Solution: (1) the area of the rectangles is 144 squares; (2) the diagonals pass through 24 squares.

The dimensions of the three rectangles are 24×6, 18×8 and 16×9, as shown below:

The N=4 case requires rectangles with an area of 3024 squares (36×84, 42×72, 48×63, 54×56), with the diagonals each passing through 108 squares.

The N=5 case requires rectangles with an area of 3600 squares (30×120, 40×90, 45×80, 48×75, 50×72), with the diagonals each passing through 120 squares.

The N=6 case requires rectangles with an area of 32400 squares (90×360, 120×270, 135×240, 144×225, 150×216, 162×200), with the diagonals passing through 360 squares.

The N=7 case requires rectangles with an area of 129600 squares (180×720, 240×540, 270×480, 288×450, 300×432, 320×405, 324×400), with the diagonals passing through 720 squares.

After that my program takes too long to run.

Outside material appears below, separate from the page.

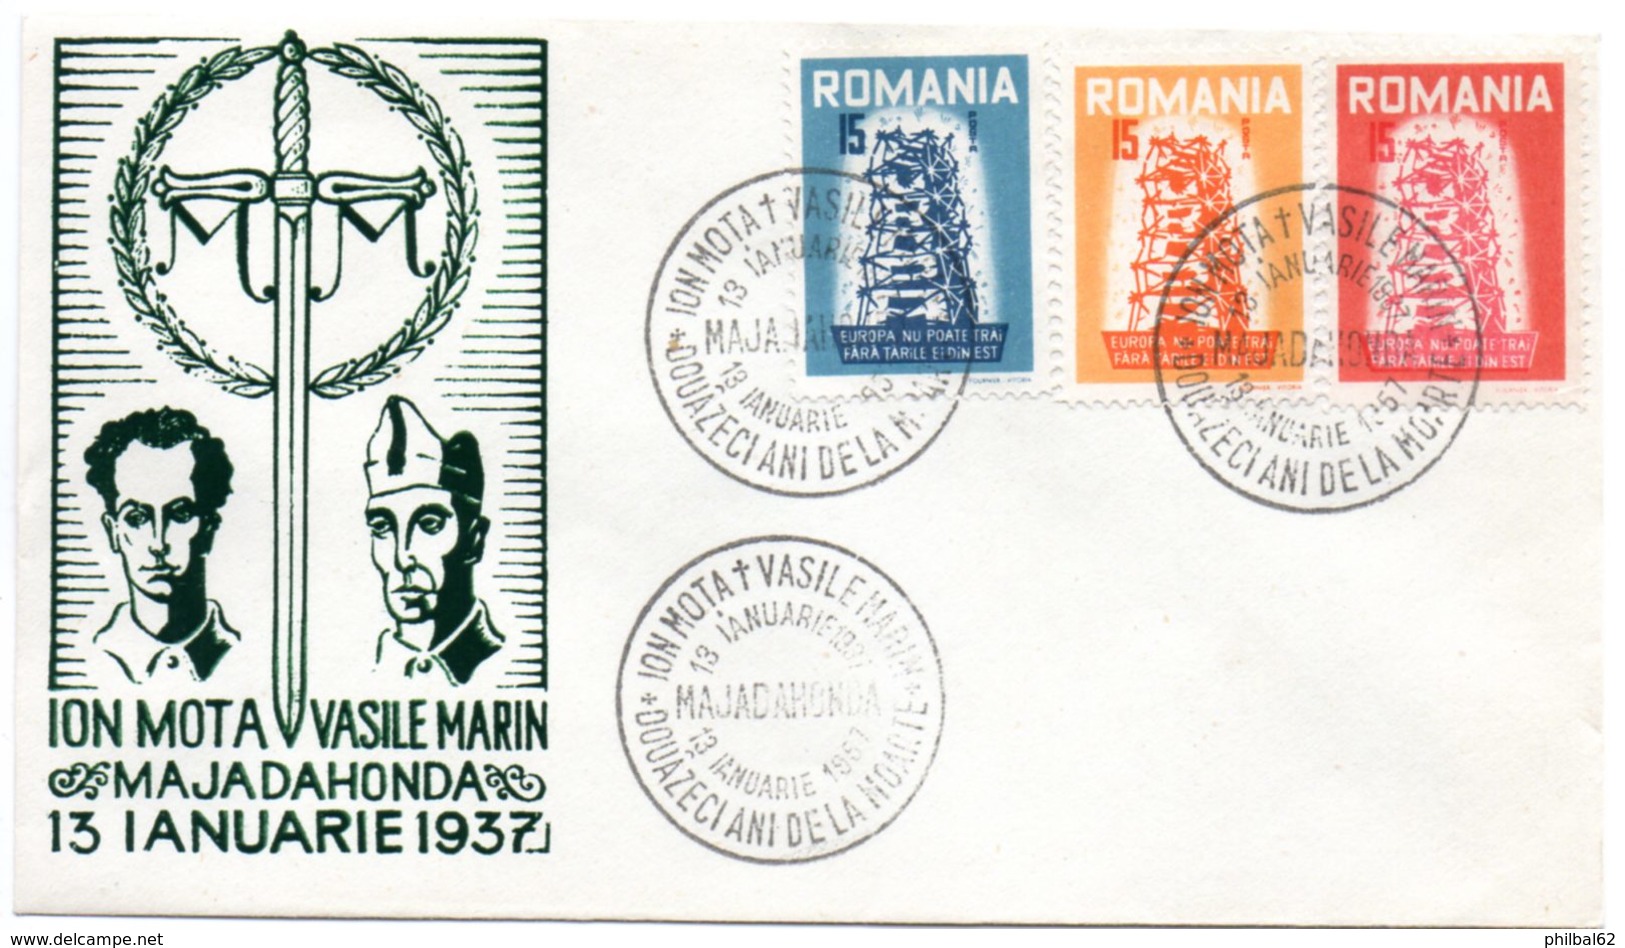 Europa.Roumanie. Ion Mota, Vasile Marin Majadahonda 13 Ianuarie 1937. Cachet à Date 13/01/1957. - Europese Instellingen

2. Paul 19 July 2014 at 2:20 pm

Here is my Mma Code

```Do[a=Divisors[n];
b=n/a;
c=Cases[Partition[Riffle[a,b],2],{a_,b_}/;a<=Sqrt[n]];
d=GCD@@@c;
e=Partition[Flatten[Riffle[c,d]],3];Do[AppendTo[e[[q]],Total[e[[q,1;;2]]]-e[[q,3]]],{q,1,Length[e]}];
f=Last/@Tally[e[[All,4]]];If[Max[f]==3,
g=Cases[Tally[e[[All,4]]],{a_,b_}/;b==Max[f]];
Print[Cases[e,{a_,b_,c_,d_}/;d==g[[1,1]]]]],{n,10,144}]//Timing

{6 x 24, 6, 24}
{8 x 18, 2, 24}
{9 x 16, 1, 24}

{0.031200,Null}
```

It finds N=8 in 39 seconds, with 176400 squares and these rectangles, the format is
{a x b, GCD[a , b],No Squares cut}

{210 x 840, 210, 840}
{280 x 630, 70, 840}
{315 x 560, 35, 840}
{336 x 525, 21, 840}
{350 x 504, 14, 840}
{360 x 490, 10, 840}
{392 x 450, 2, 840}
{400 x 441, 1, 840}

There is a quick way to check how many squares are cut, it is a + b – gcd[a,b] where a and b are the size of the rectangle. To look for the various N change the [Max[f]==3 to 4 etc.

Paul.

• Paul 19 July 2014 at 2:34 pm

p.s. the GCD[a , b] is 1 more than the number of nodes the line passes through.

• Jim Randell 20 July 2014 at 9:14 am

Thanks. Using the computed formula measure(a, b) = a + b - gcd(a, b) makes my program much faster than constructively counting the squares that the diagonal passes through.